Dr. Dabb's was our family doctor and about half way down the hall. His nurse, Gladys was one of the meanest people of the 20th Century--we did not like her. "Spoon...Bill Spoon...Spoon." "Here we are." "Mr. Spoon what seems to be the problem with Bill?" "He has a stick stuck in his ear." "What? a stick...in his ear...how'd that happen." "It's a long story." "The doctor will see you in a minute." Dr. Dabbs was a kind soft spoken gentleman. Very distinguished. He looked like Marcus Welby but walked like John Wayne. He was cool. He always had a grin on his face, a kind here to help grin that just didn't go away. "Hi Will, let's see if we can find that stick?" He grabbed the ear-looker (I now know it's called an otoscope) and poked it in. "Ouch! there it is." "Yep...there's a stick in your ear." Thank God all of those years you spent in medical school and all of that money led you to this conclusion! He opened his stainless steel drawer full of torture tools and pulled out the longest pair of tweezers I had ever seen. These tweezers could pull a chicken bone from the depths of a giraffe's throat. "Hold still now Will...I...am...almost...got it." The bliss of sound coming into my ear was just wonderful. "There you go son, all better. Gladys is going to come in now and flush it out with some peroxide."



On the way out to the truck my Dad walked with me around his arm, drawing me into him which said to me, "it's ok if you get a stick in your ear...I still love you...a lot." I never heard that but knew that the actions were saying it. "Son?" "Yes Dad?" "Please don't ever stick anything in your ear again." "OK Dad, sorry." Granny was pleased that her "float it out" idea was reinforced by Gladys flushing my ear with peroxide. Yet again the two miracle liquids of modern medicine came through.

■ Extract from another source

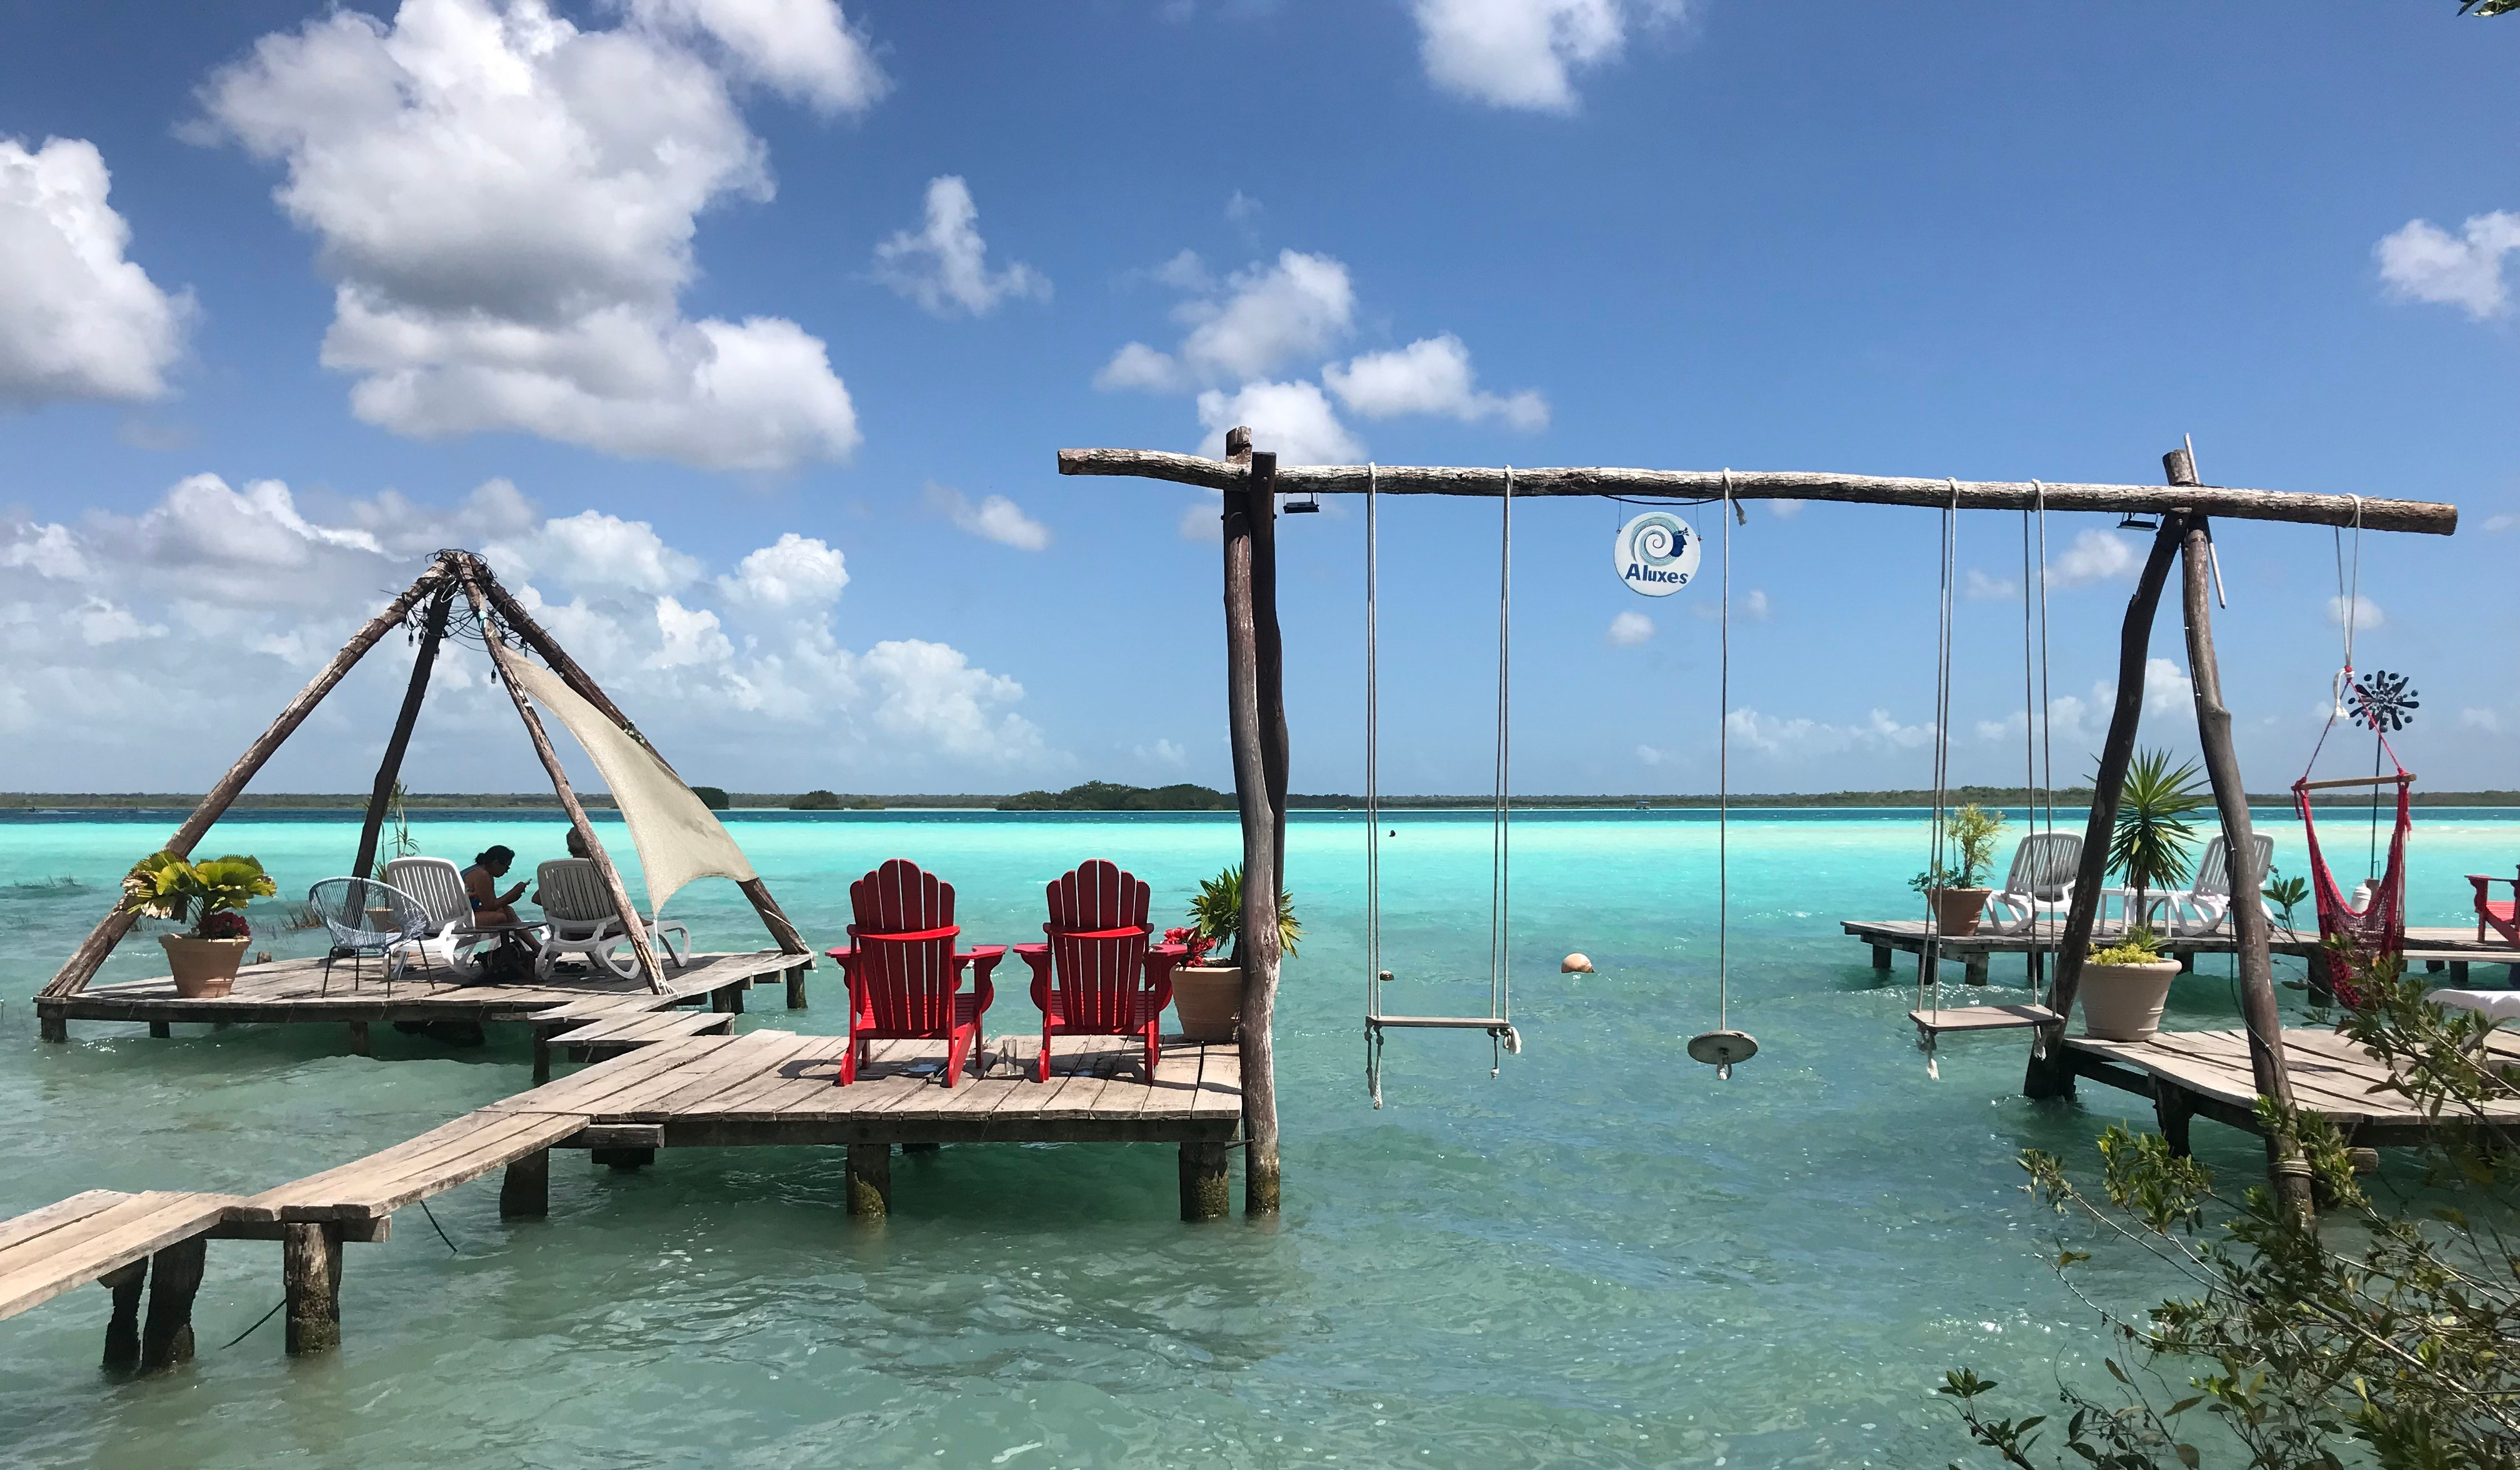 Que faire au Mexique ? - La lagune de Bacalar © Clara Casciana

I did continue to play "old" but found devices that would fit only a little ways into my ear. After all, I had learned my lesson. The Fischer Price snap-lock beads had an awesome cylinder piece that worked great for O'hura or hearing aid play which ever I decided-they also made cool bombs. The beauty of it was you could stick it in your ear and have it stay all the while enjoying the bliss of being able to live out your imaginative play for hours and hours at a time.

3 comments:

Sherri said...

such a great story. Thanks for sharing.

Lisa Renéa said...

Ha! What a hilarious story! Thanks for sharing it! Yet another bit of proof, that boys can and will try anything, once! lol

Sue McGettigan said...

I'm glad you knew how to interpret your Dad's body language, there's a lot of love in those moments :) As for your sister, your grandma and the nurse - bwahahahaha!